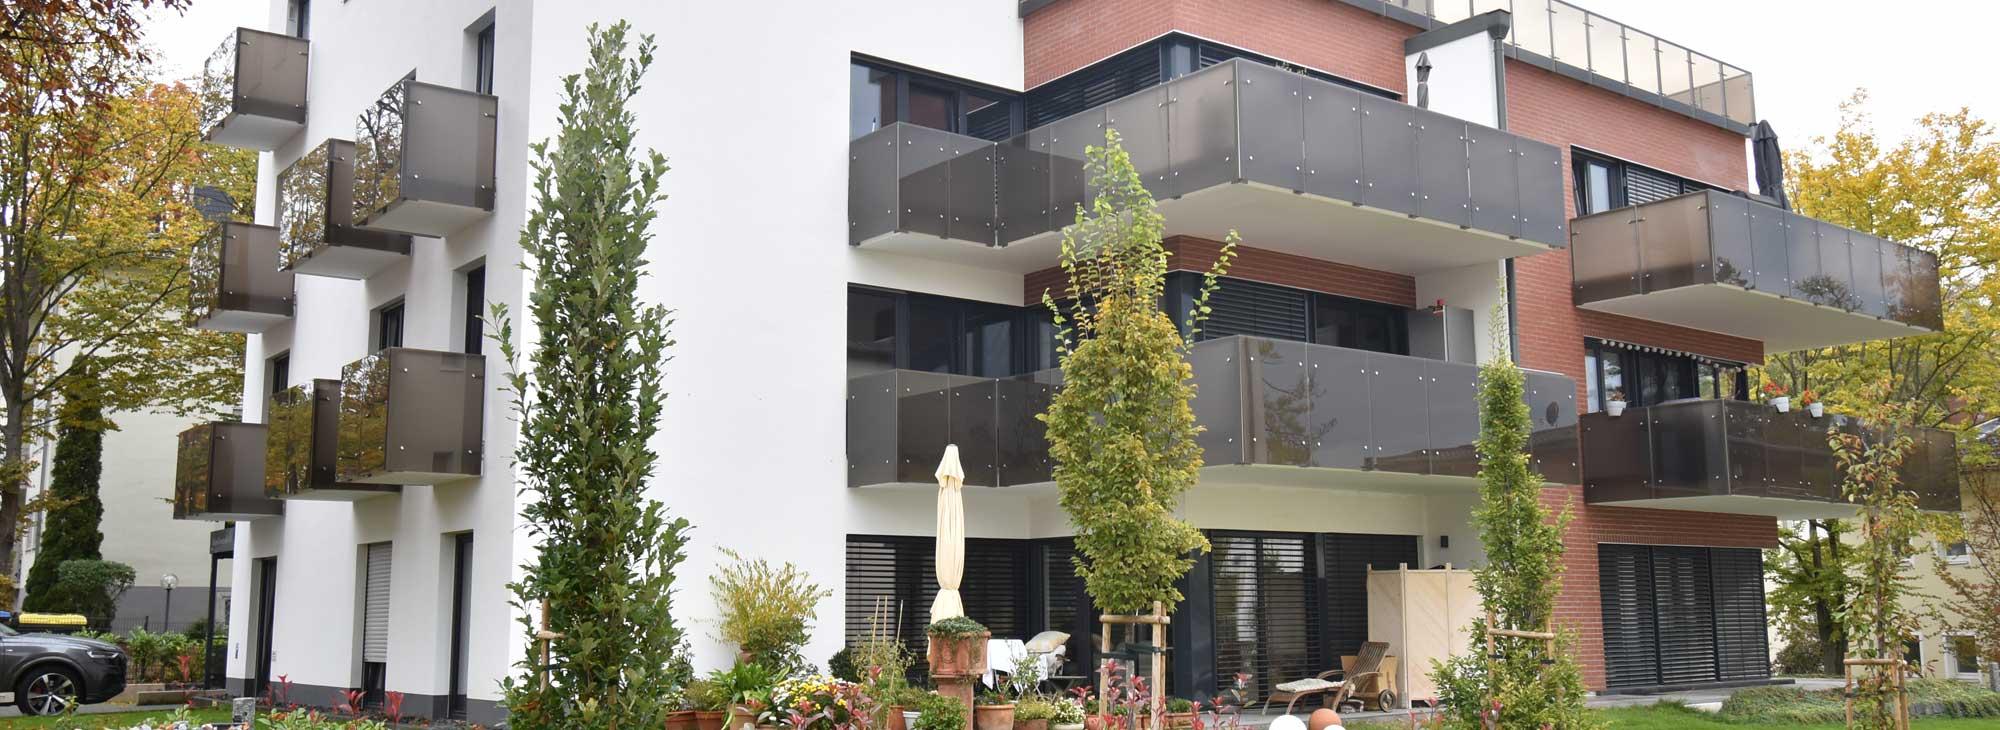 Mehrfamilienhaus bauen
...
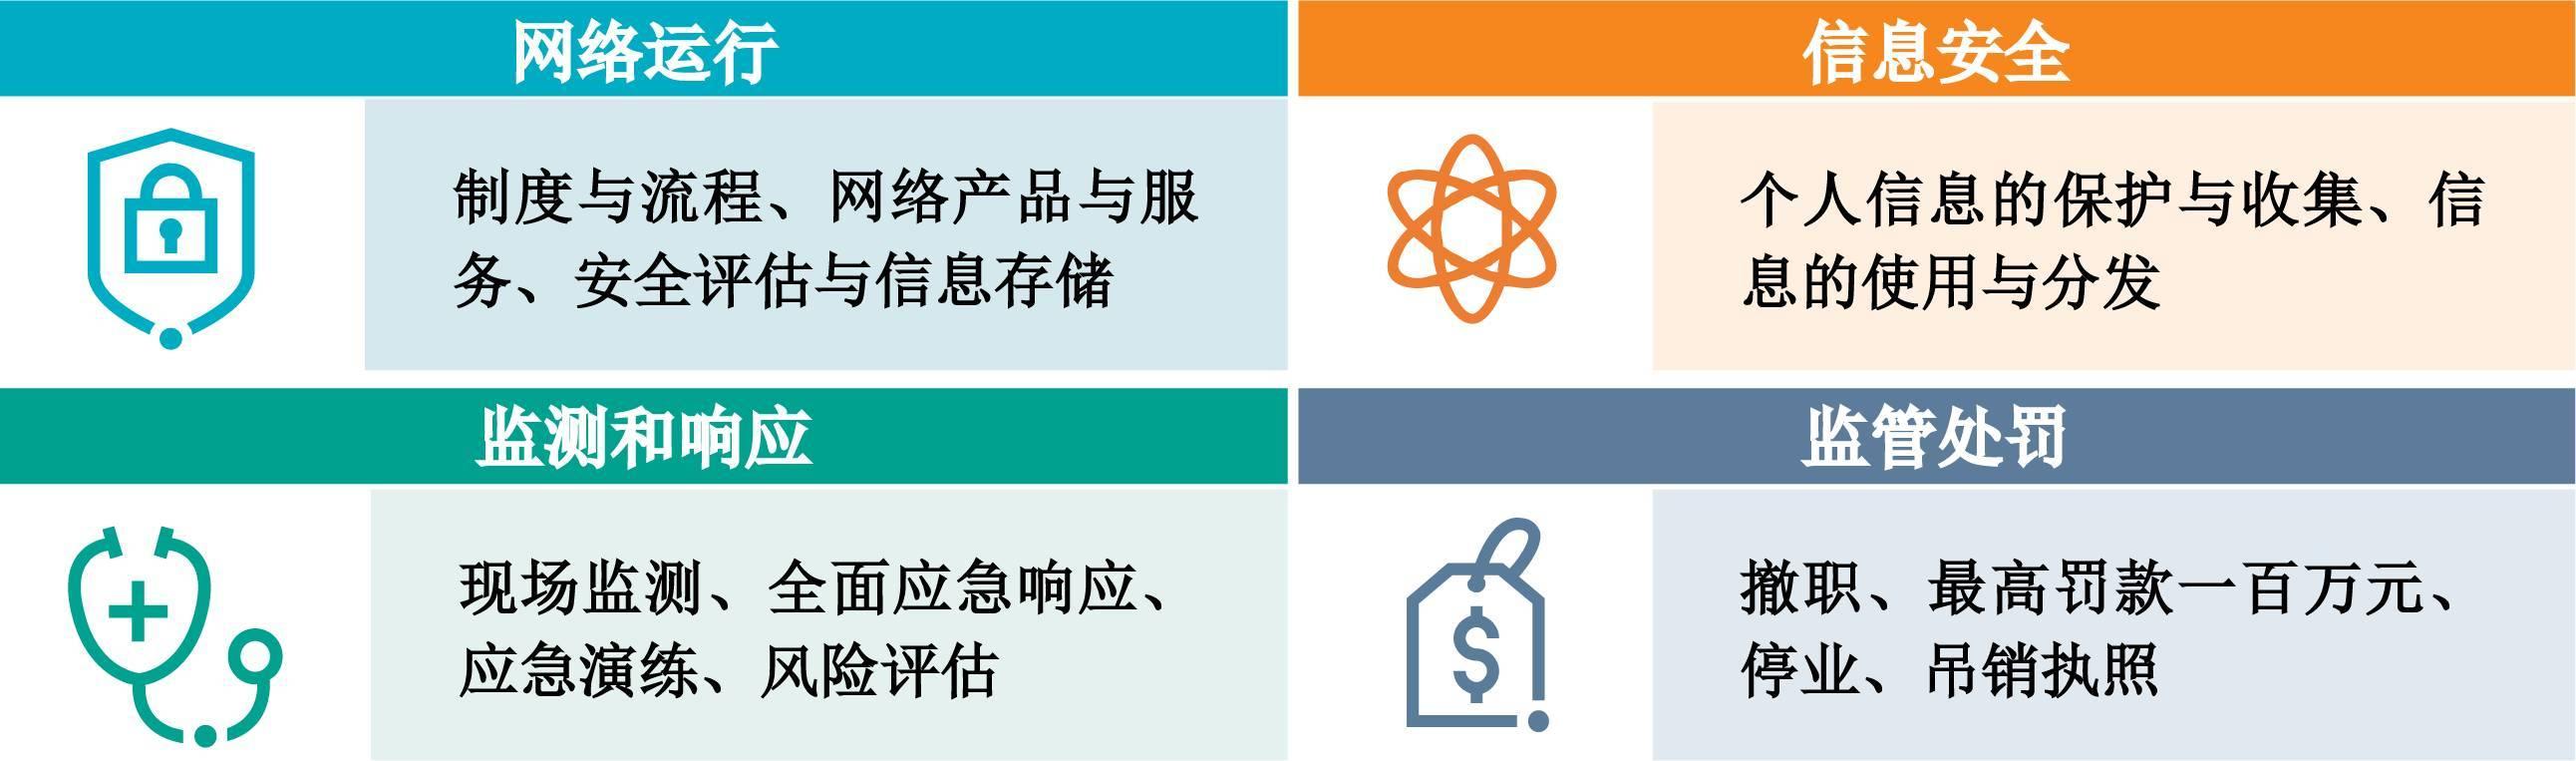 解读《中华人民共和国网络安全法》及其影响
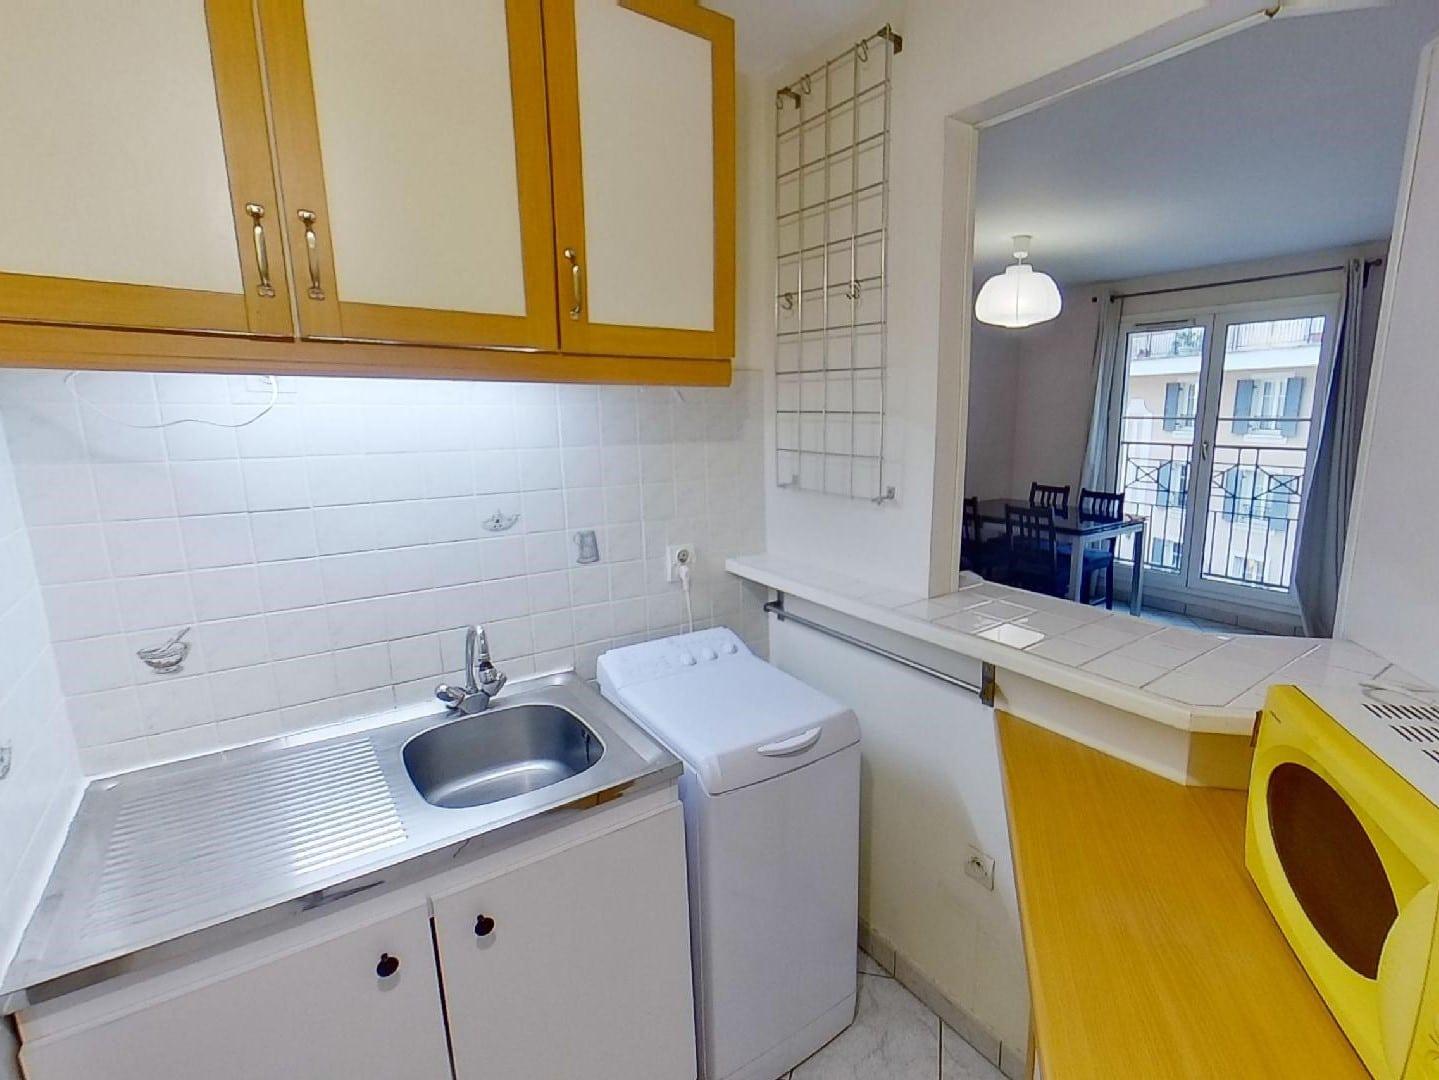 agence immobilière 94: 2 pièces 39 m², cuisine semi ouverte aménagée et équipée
* * *
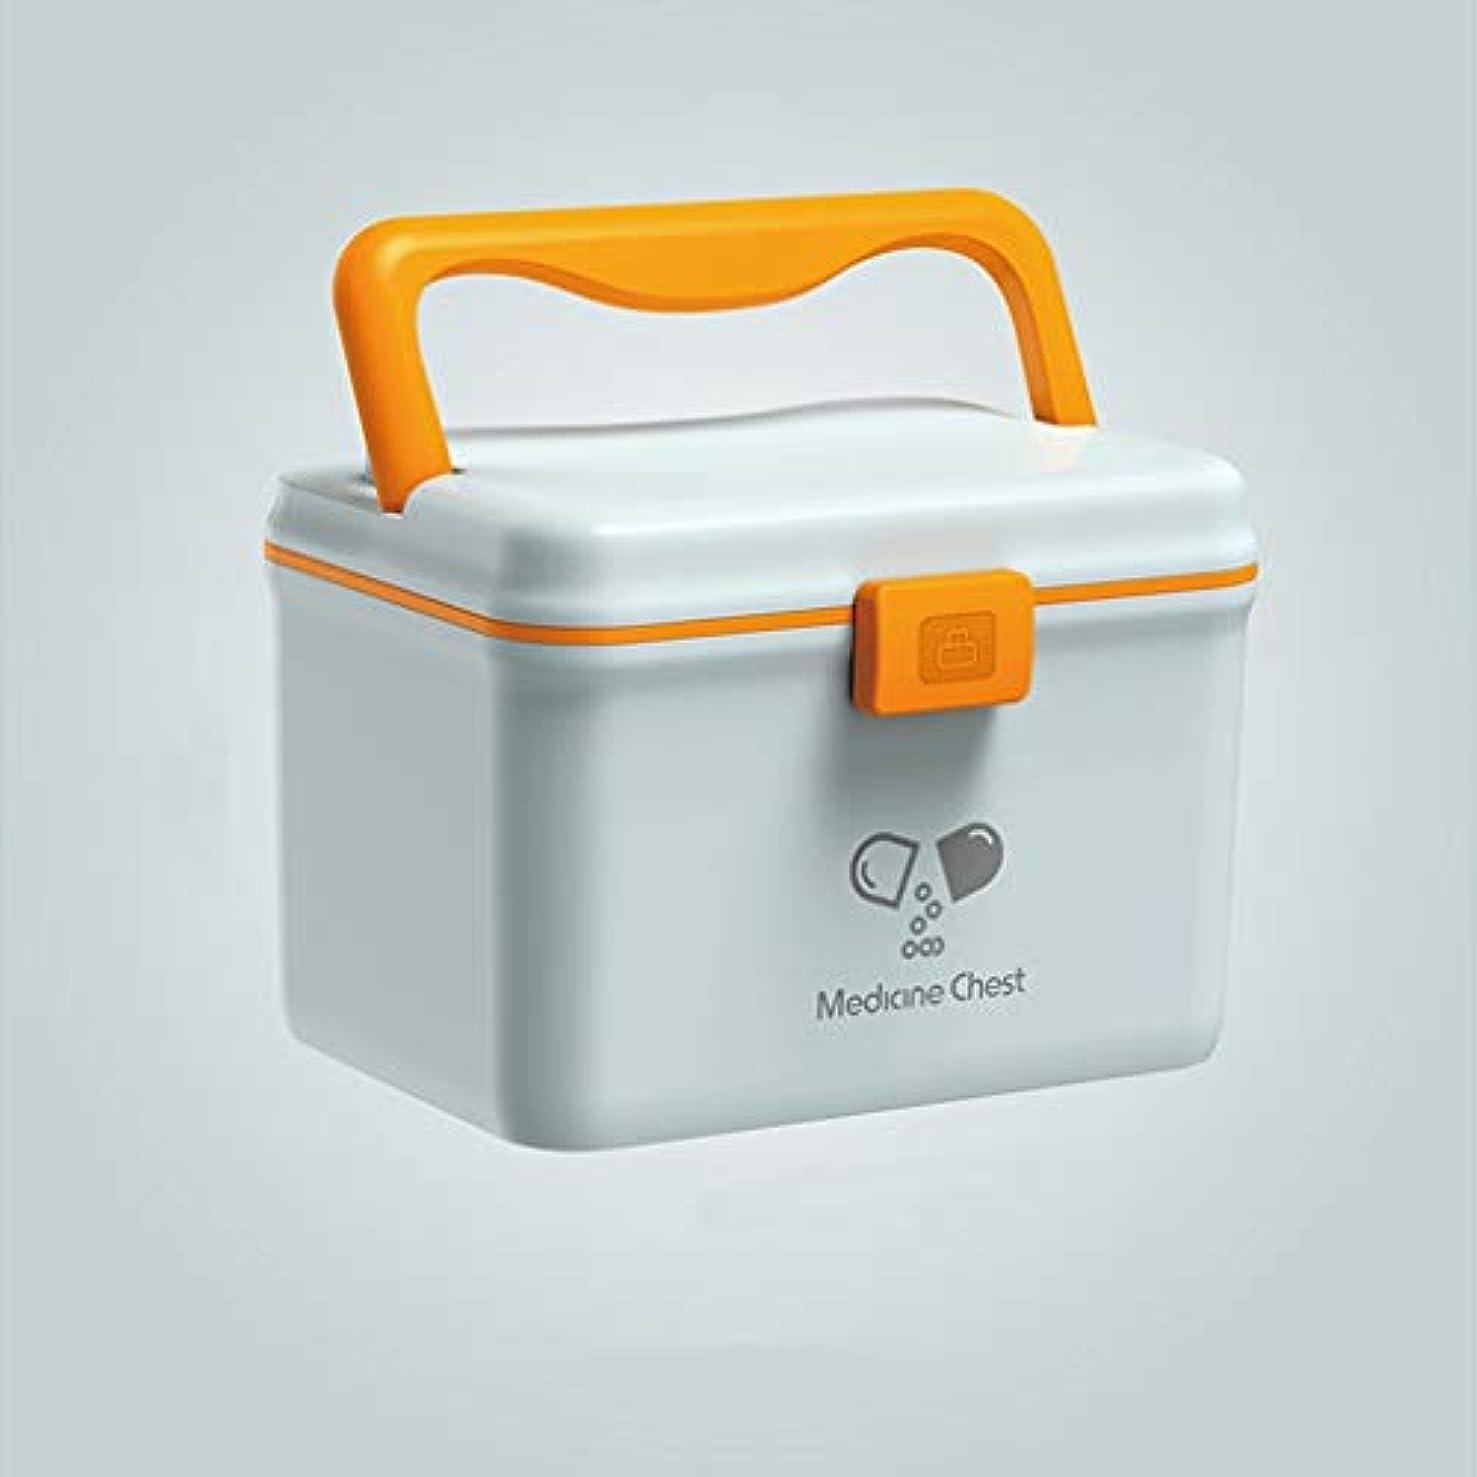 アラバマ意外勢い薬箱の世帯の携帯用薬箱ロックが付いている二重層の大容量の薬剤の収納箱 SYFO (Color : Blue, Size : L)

» **ACTIVITY**:
From the line containing "解读《中华人民共和国网络安全法》及其影响" through the line containing "agence immobilière 94: 2", copy every line above exactly, without pictures.

» **ANSWER SPACE**:
 解读《中华人民共和国网络安全法》及其影响
 agence immobilière 94: 2 pièces 39 m², cuisine semi ouverte aménagée et équipée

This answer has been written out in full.